*Instructions to follow*:
Once the pictures are removed, restate the data below word for word.

*Given material*:
=== Section Start ===

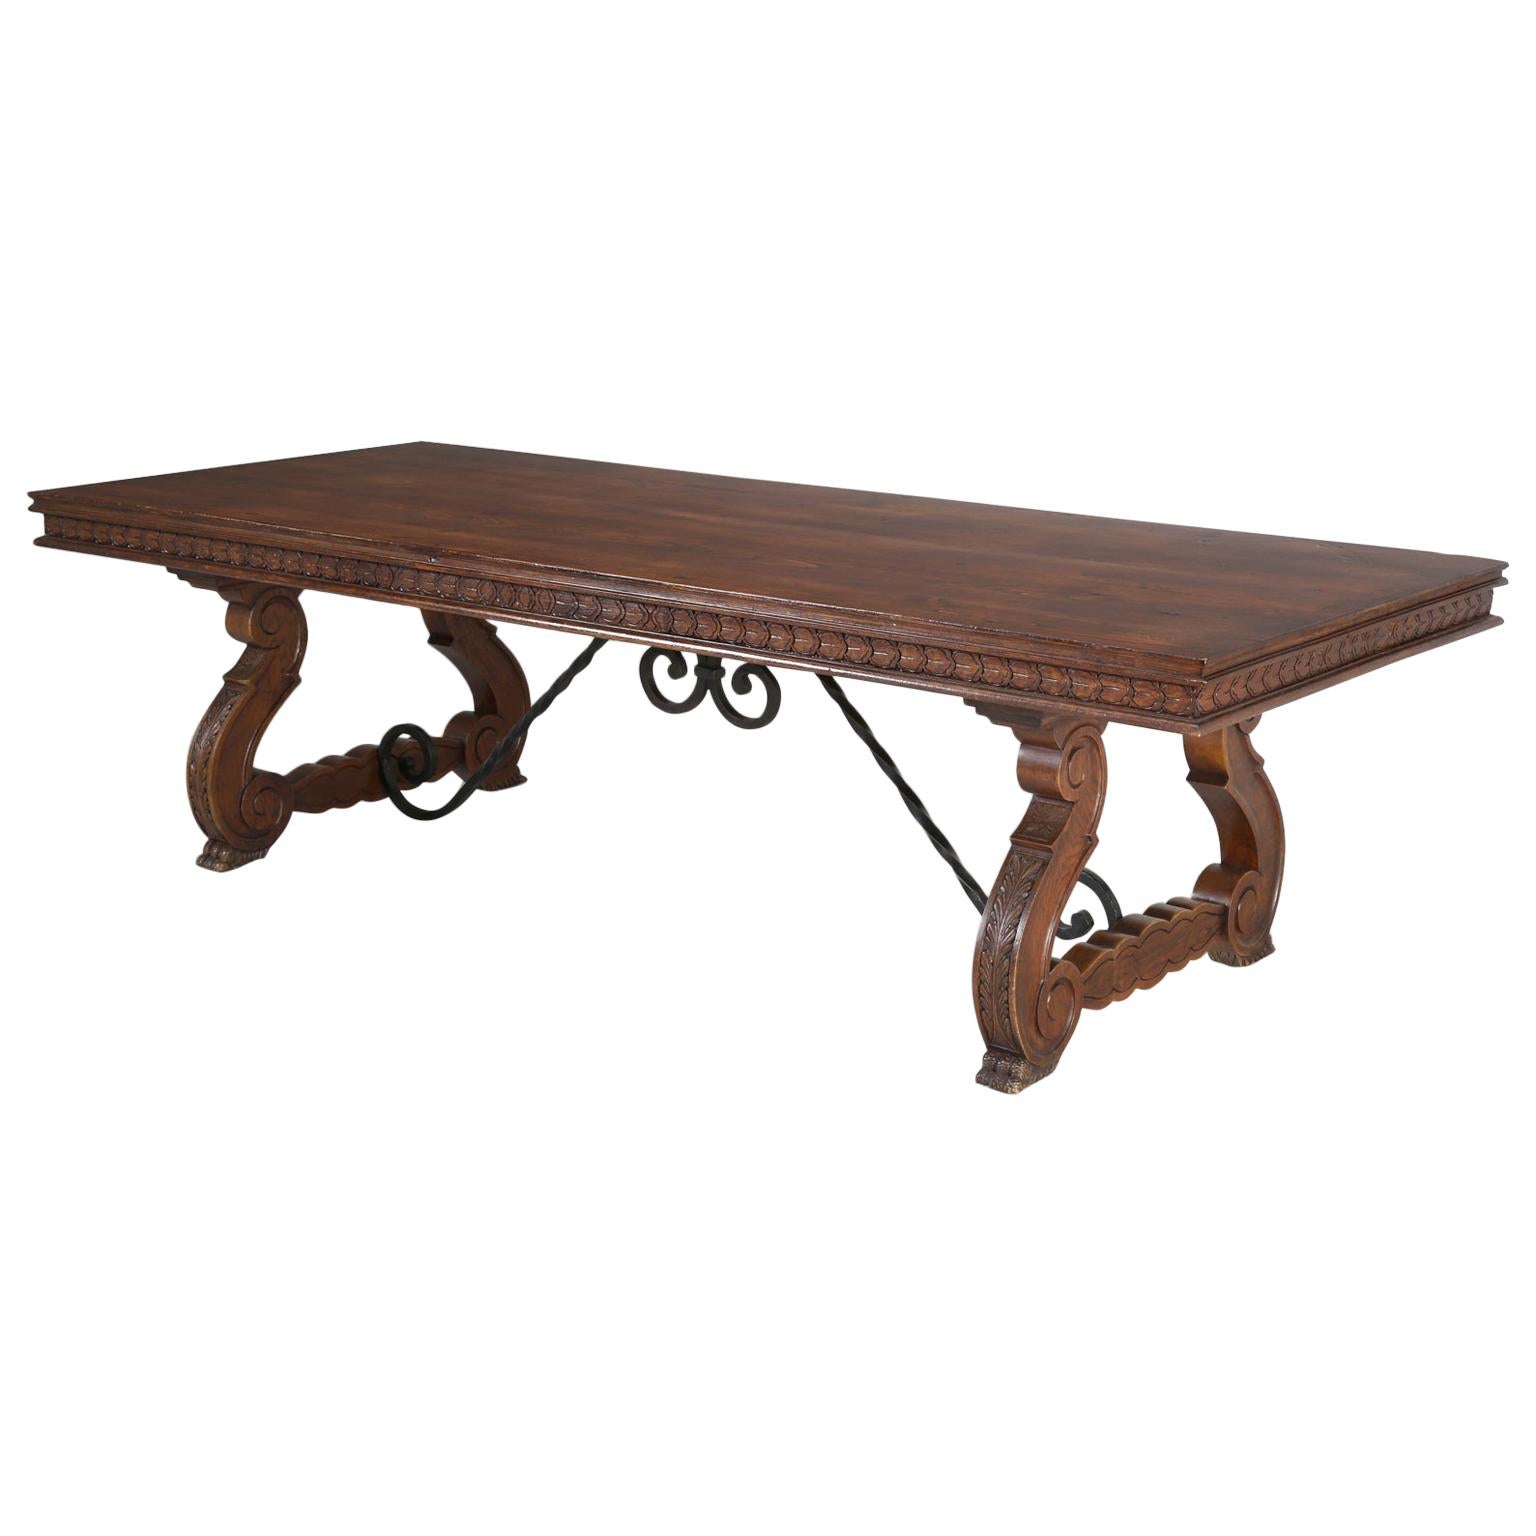 Vintage Carved Spanish Trestle Style Dining Table
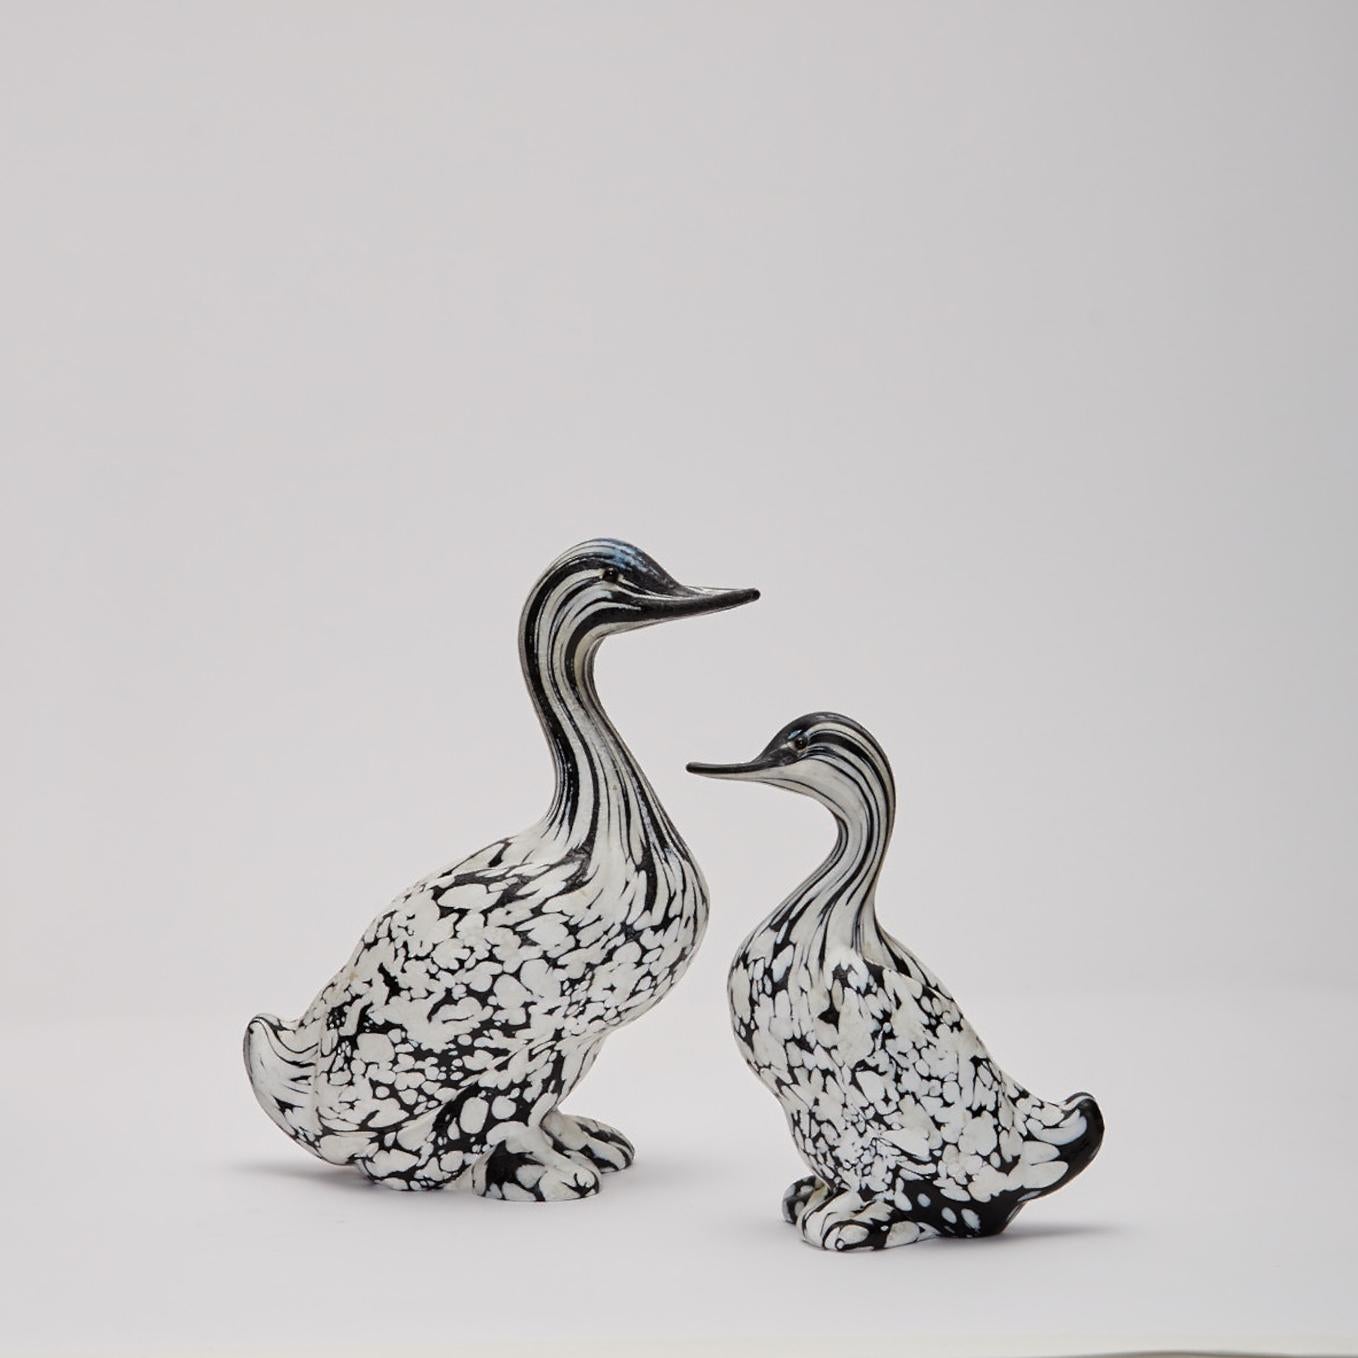 A pair of black and white animal sculptures by Archimede Seguso (1909-1999) Italy made circa 1970 comprising of two large ducks, in solid opaque glass.
Archimede Seguso was born on the island of Murano. His families glass artisan heritage dates back

=== Section End ===

*Response for this exercise*:
 Vintage Carved Spanish Trestle Style Dining Table
 A pair of black and white animal sculptures by Archimede Seguso (1909-1999) Italy made circa 1970 comprising of two large ducks, in solid opaque glass.
Archimede Seguso was born on the island of Murano. His families glass artisan heritage dates back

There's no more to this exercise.